Basic Intent: D will be liable for the offence (eg, manslaughter) regardless of a missing mental element.


Criticisms were highlighted and discussed as to almost every aspect of the current law. With reference to the separate cases above, these include:

  1. Potential overcriminalisation – particularly where D’s intoxication is involuntary and does not demonstrate a defect of will (as was arguably the case in Kingston).[5]
  2. ‘Special’ intoxication rules may not be necessary – where D becomes intoxicated in order to commit an offence, it may be possible to identify the conduct element of the offence in her act of becoming intoxicated, linking this to the later harms through standard causation principles. The same may be possible where D is reckless as to losing capacity and committing a recklessness-based offence.[6]
  • Voluntary/Involuntary and Dangerous/Non-Dangerous distinctions are problematic – both from legal and neuroscientific perspectives.
  1. It is here that the intoxication rules become most problematic, first because there is no settled distinction between offences of basic/general and specific intent,[7] and second because there is no agreed conceptualisation of how the intoxication rules apply to find liability in the context of basic/general intent offences.
    • The intoxication rules do not apply as a defence, although this is the most common label employed by courts and within codes. Where D commits all elements of an offence (Example I), the rules are irrelevant to liability; they only become relevant as an inculpatory tool for the prosecution where mental fault is otherwise absent (Example IV).[8] Inaccurate labelling here can impact substantive outcomes.[9]
    • Describing the intoxication rules as evidential is also problematic. If this were the case, in the context of basic intent offences, we would need to justify rules of evidence that allow a jury to find the presence of mental fault beyond reasonable doubt despite the court knowing that such fault was absent.[10]
    • Describing the intoxication rules as substantively inculpatory for basic/general intent offences has become more common within academia. However, understood in this way, the rules are difficult to justify. How can we say that a decision to become intoxicated at time 1 (t1), which may be no worse than negligent, is equivalent to missing (subjective) mental fault when causing harms at time 2 (t2)?[11] The current rules therefore risk considerable over-criminalisation and/or inappropriate labelling and punishment.


Conference Position: It is agreed that the current law is in need of review and reform.


  1. Alternative Approaches

Several alternatives to the current intoxication rules were discussed. These included:

Abolition without replacement: Under this approach D would only be liable for an offence where she acts with both physical and coinciding mental fault. Where mental fault is lacking, even when due to voluntary intoxication, no liability can follow. This accords with basic criminal law principles, but may be perceived as unduly lenient on those who cause serious harms when intoxicated.[12]

Focus on fault at t2: This approach recognises that D does not have subjective mental fault (due to intoxication) when causing the external harms at t2, but asks whether and to what extent those harms nevertheless demonstrate a potentially criminal defect of will.[13] Locating fault at t2 avoids considerably complexities and problems with tracing or substituting fault from t1 (when D becomes intoxicated), but the central role of ‘defect of will’ requires precise elucidation – an elucidation that does not derive from conduct or fault at t1.

Focus on fault at t1: This approach bases potential criminal liability on D’s decision to become intoxicated, foreseeing the risk of future harms, where such harms arise in fact. This includes subjective foresight of future harms, as well as potentially objective foresight (that a ‘reasonable person’ would have foreseen the harms) or a rebuttable presumption of foresight.[14] Focusing on t1 allows us to assess D’s mental fault at a time she is not affected by intoxication, but depending on what fault is required the approach risks over-criminalising (where objective fault substitutes for missing subjective fault) and/or under-criminalising (where D does not have foresight, but later causes considerable harms).

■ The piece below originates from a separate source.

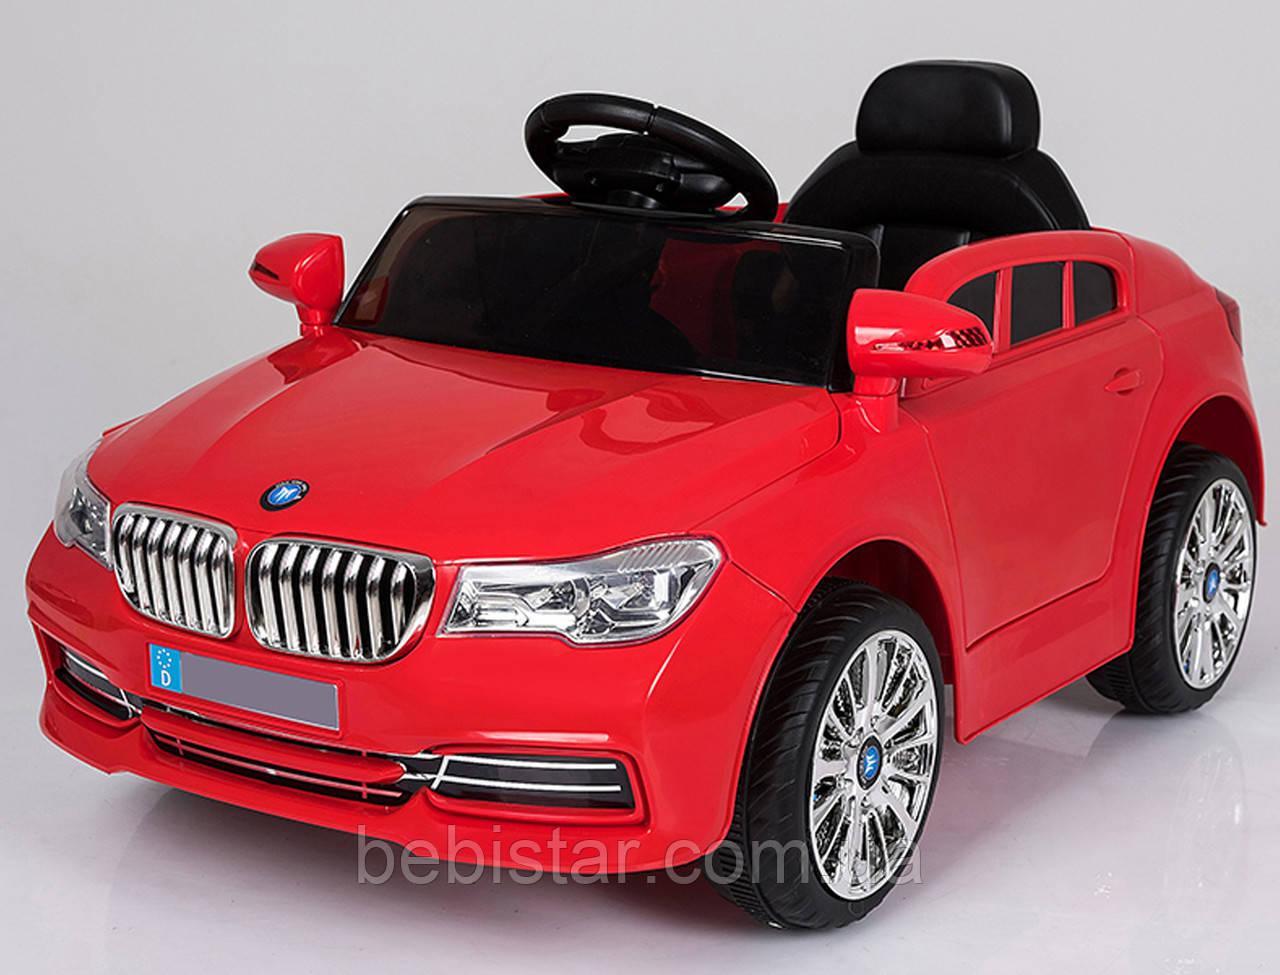 Електромобіль-спорткар червоний XM-826 RED для дітей 3-8 років з пультом, акумулятор 2*6V4.5AH, мотор 2*25W
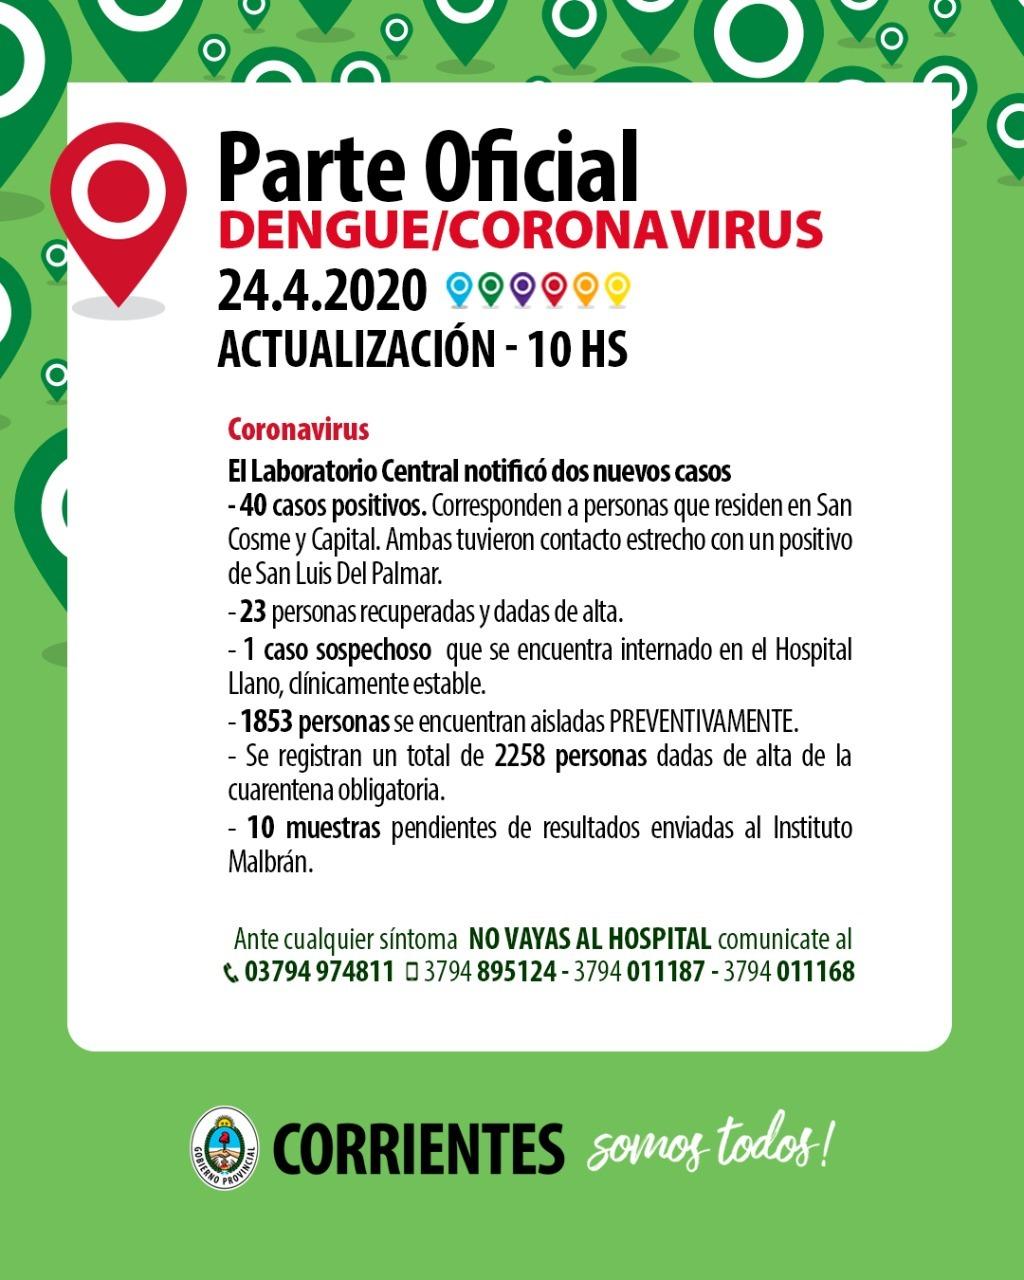 Dos casos nuevos de Coronavirus-COVID-19 provienen de contacto estrecho laboral con positivos anteriores

A new intoxication offence: This approach abolishes the current intoxication rules and replaces them with a new offence of voluntary intoxication + harm. The new offence can be designed to target only certain serious intoxicated harms and will allow for more accurate labelling and punishment.[15] However, any new offence must still locate and clarify requirements across t1 and t2, as well as explain a rational (perhaps causal) relationship between them. The offence must also be drafted in a manner that is clear and practical for court application.[16]


Conference Position: It is agreed that a review of intoxication and the criminal law should take place across two stages – (1) Identifying cases that may be dealt with using current criminal offences, and exploring rules of causation, coincidence and/or other devises to make this possible; and (2) Identifying possible cases that fall outside this group, but should nevertheless face criminalisation through a potential new offence.


  1. Areas for Further Study

For the law in this area to be usefully reformed, it was agreed that the following questions require particular attention and/or further study:

  • Can/Should we ever construct fault on the basis of popular perceptions, and often misconceptions, about drugs and/or intoxication? This may arise, for example, where it is popularly believed that a certain drug will lead to a risk of uncontrolled violence, but this is not supported by the scientific evidence. Should/Could scientific knowledge about underlying mechanisms of drug actions on neurobiology, cognition and/or behaviour (ie, how drugs affect function) provide better (causal) understanding of the relationship(s) between drugs, intoxication and criminal offending, beyond mere population-level, correlational evidence?
  • How (if at all) does scientific understanding of how drug intoxication and addiction affect behaviour and cognition[17] translate to legally relevant constructs, specifically in relation to determinations of criminal liability?
  • Can (neuro)scientific understanding provide a basis for legal distinctions between dangerous and non-dangerous drugs, or voluntary and involuntary intoxication? What is the relevance of drug-drug interactions, medicinal and diverted drug use, impact of co-morbid disease conditions?[18]
  • If D is to be held liable for a crime of recklessness at t2 (when D was not aware of the relevant risk of harm), on the basis of her awareness of the risks in becoming voluntarily intoxicated at t1, what kind of awareness should be required? Must D have been aware at t1 of a risk that she might cause the very kind of harm that he in fact caused at t2?
  • If fault is to be ascribed to D at t1 in the absence of subjective foresight of future dangers/harms, what objective criteria can/should be employed to identify that fault? For example, the statistical likelihood of harm resulting; the common knowledge of such risks; the level or circumstances of intoxication; or a combination of these factors?[19]
  • Where potential liability is constructed across conduct and fault at both t1 and t2, how can we understand and demonstrate the connection between these two points in time? Must we, for example, prove that D’s conduct at t1 caused her conduct at t2?
  • What difference (if any) does/should it make if D’s intoxication arises partly as a result of addiction? In cases of this kind, we could conclude that the addiction mitigates D’s ‘choice’ to become intoxicated (but if so, we need to know how such mitigation would operate), or that a blameworthy choice can be traced back to the origins of D’s addiction (but if so, we need to know how closely such origins will be investigated). Is there scientific consensus about how drug abuse and addiction could affect ‘choice’ in becoming intoxicated and wider decision making in relation to criminal offending? How do we consider genetic and phenotypic predispositions (e.g. impulsivity) to addiction and the complex interactions of ‘set and setting’ in determining drug intoxication and addiction susceptibility?[20]
  • What are the main difficulties faced by advocates applying the current intoxication rules, and what problems arise from law reform? This is particularly important in the context of a potential intoxication offence, where previous reform proposals have faced considerable opposition from the profession.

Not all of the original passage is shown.